## REQUIRED WORK
Records follow. Print exactly the lines from the one that has "Purple Dusk. Beautiful" through the one that has "Opeth - Logo - Beanies", inclusive, and omit the pictures.

## THE INPUT
──────
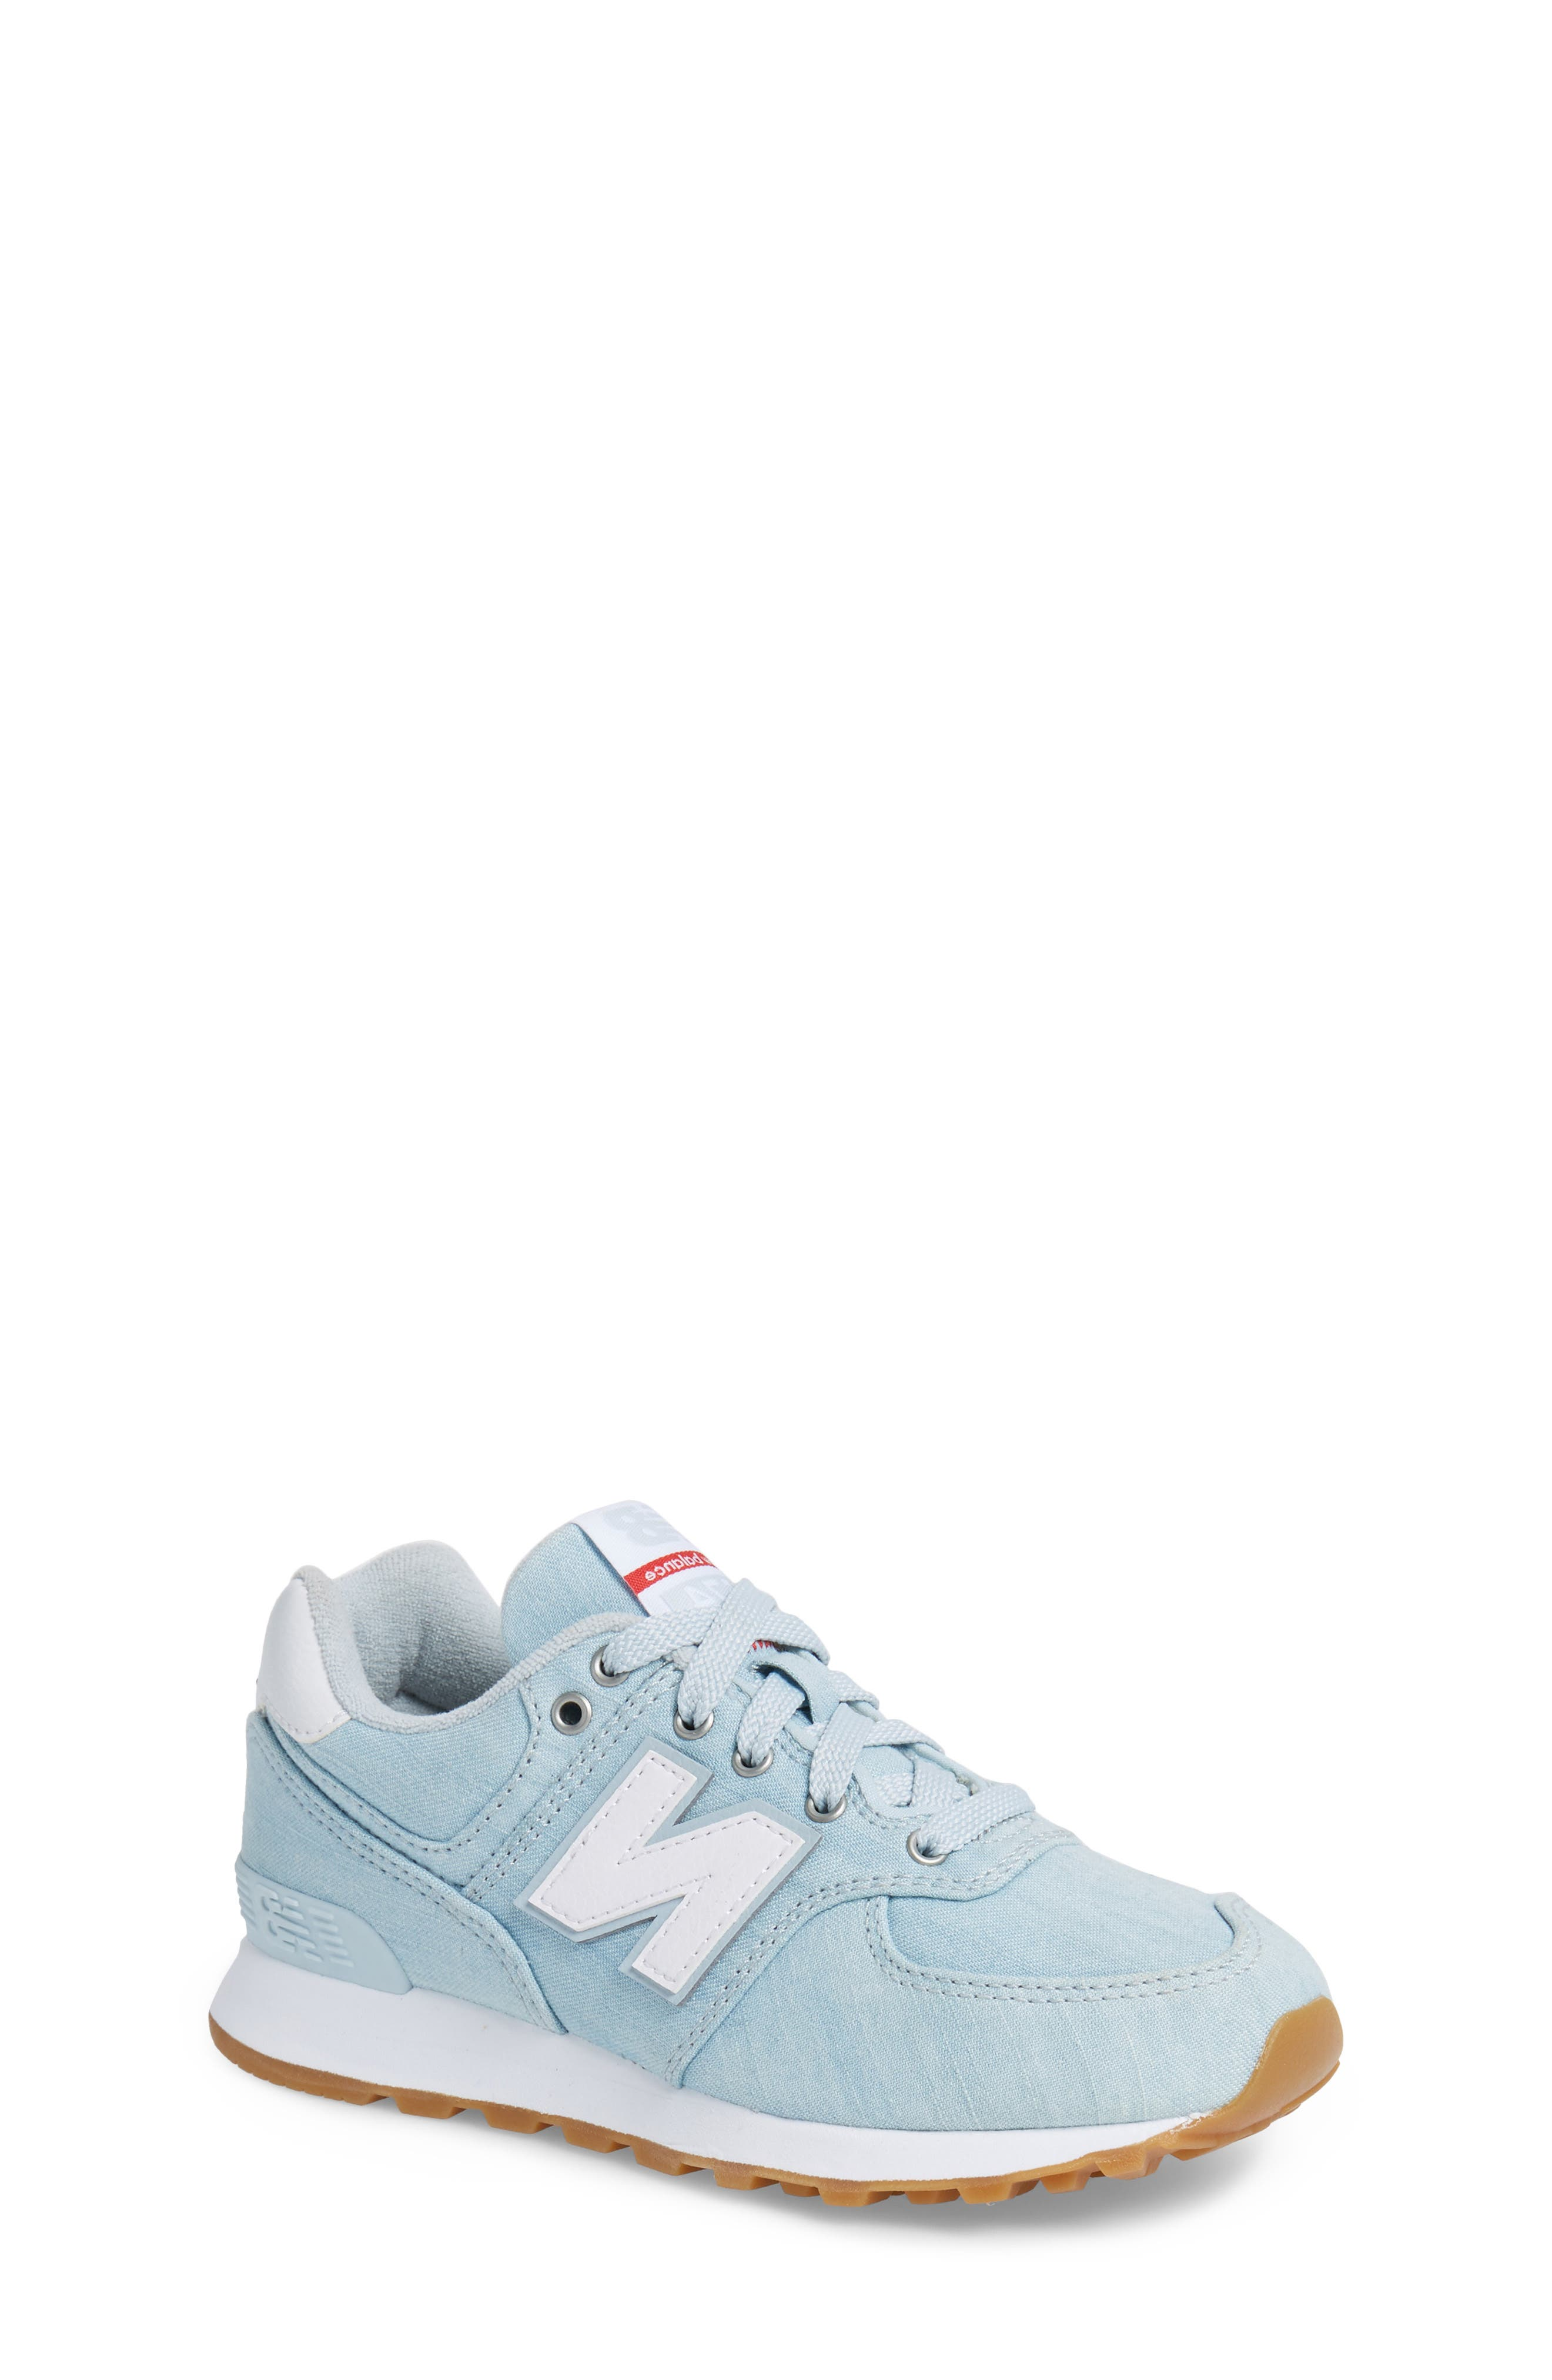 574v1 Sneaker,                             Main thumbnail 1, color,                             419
──────
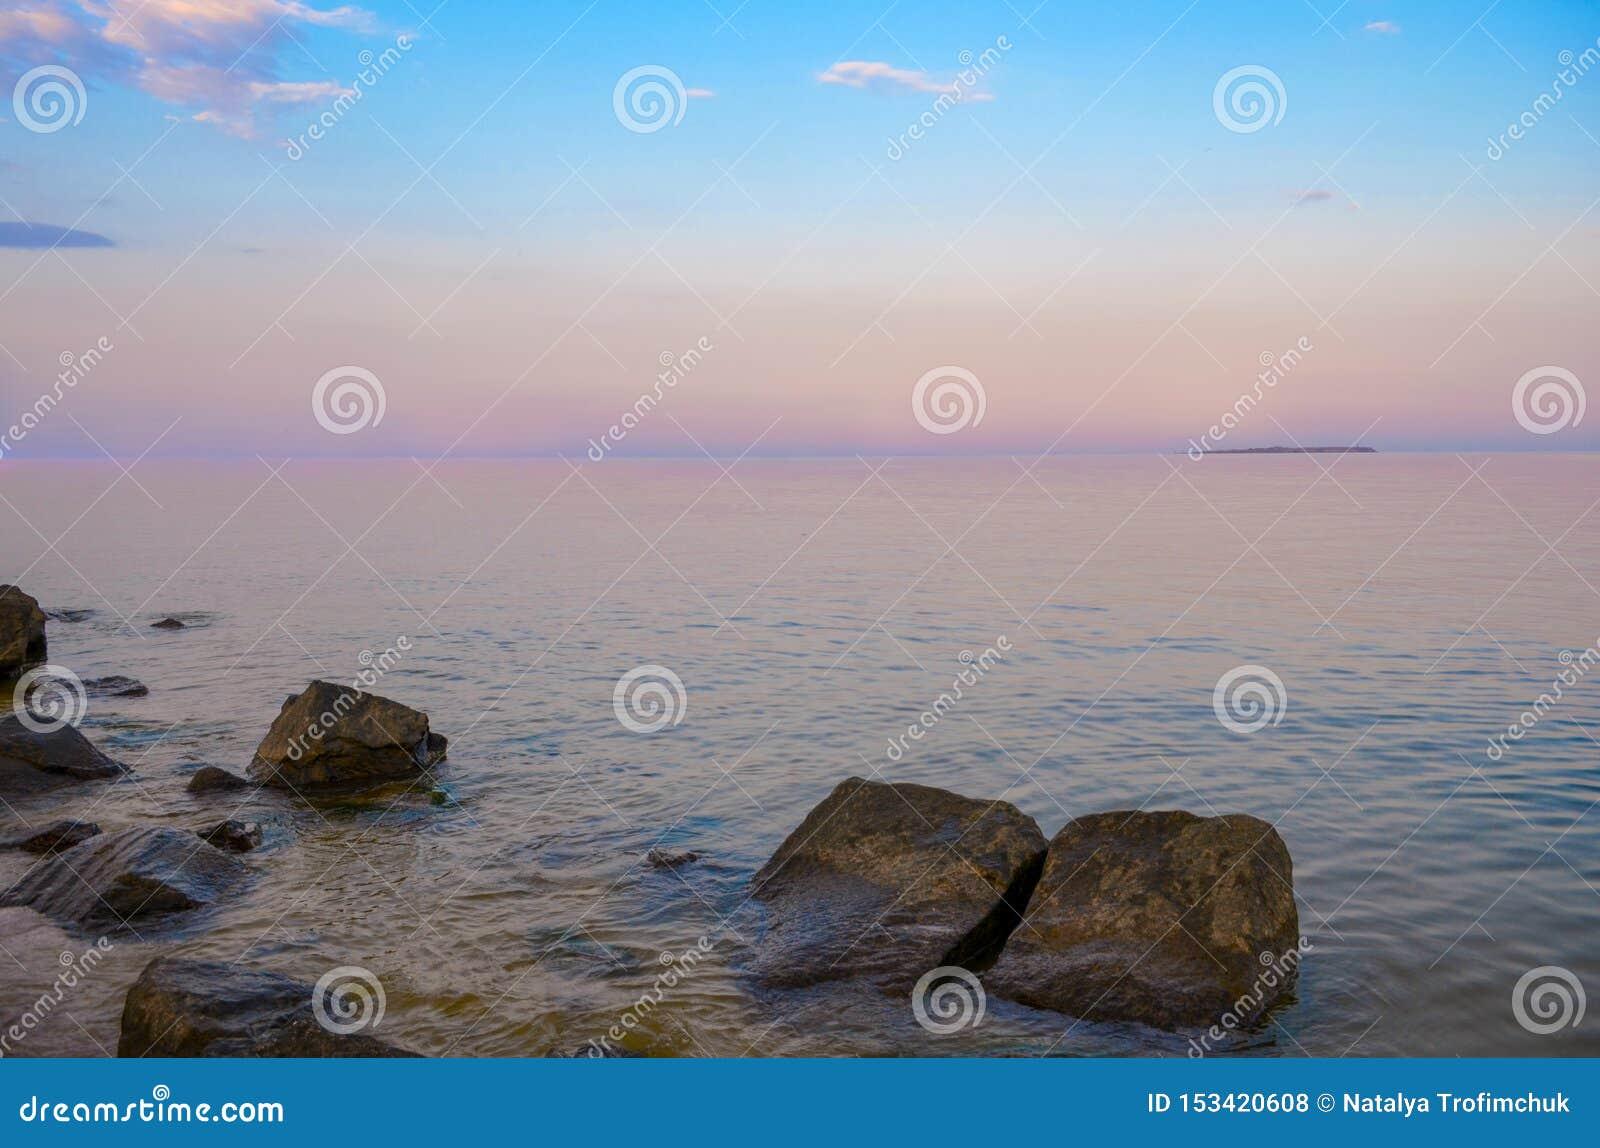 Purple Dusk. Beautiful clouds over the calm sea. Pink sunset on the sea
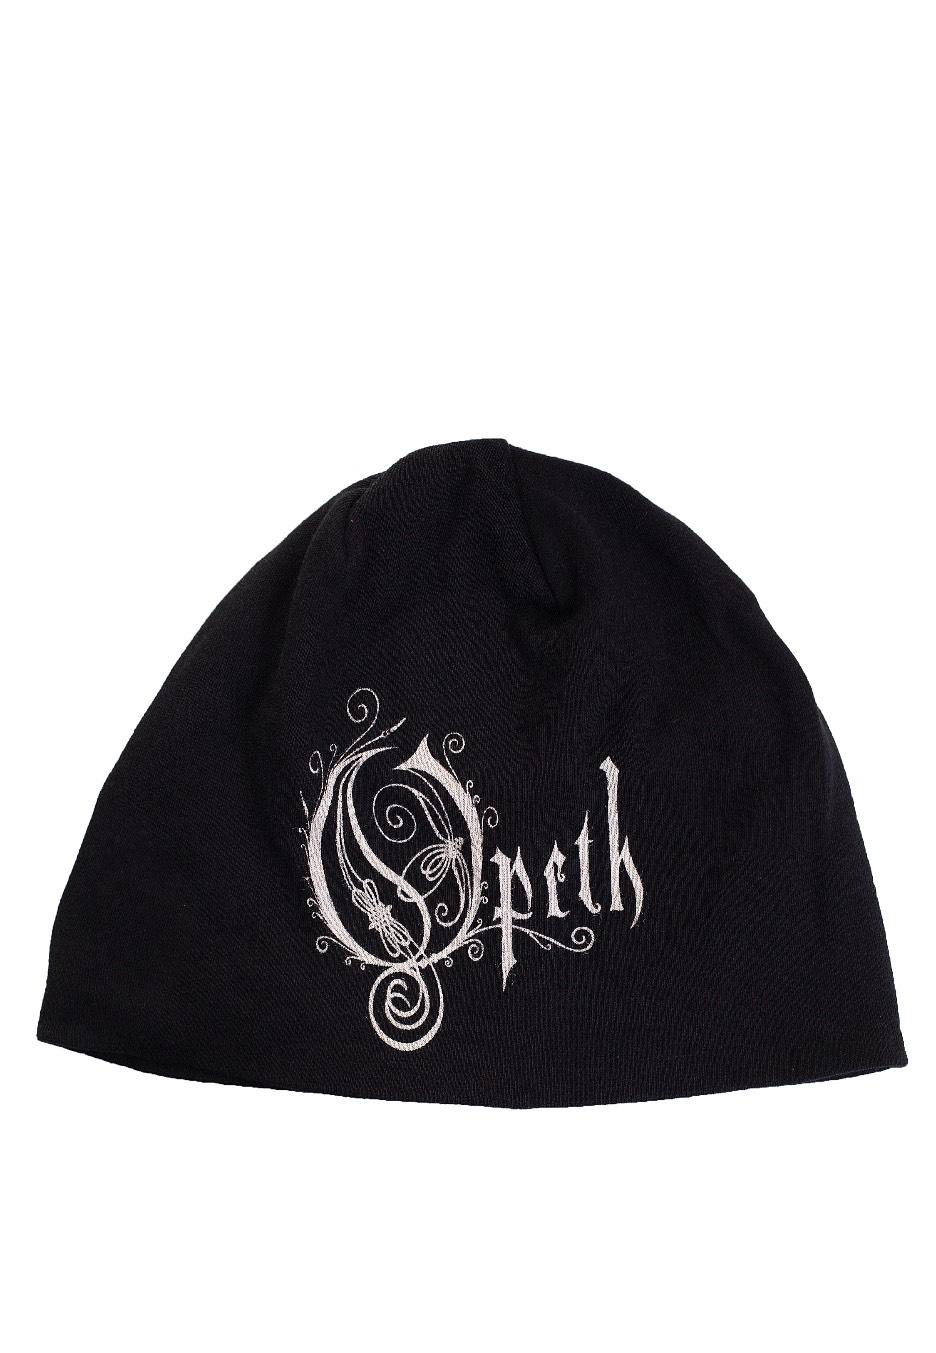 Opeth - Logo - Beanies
──────
## WORKED SOLUTION
 Purple Dusk. Beautiful clouds over the calm sea. Pink sunset on the sea
 Opeth - Logo - Beanies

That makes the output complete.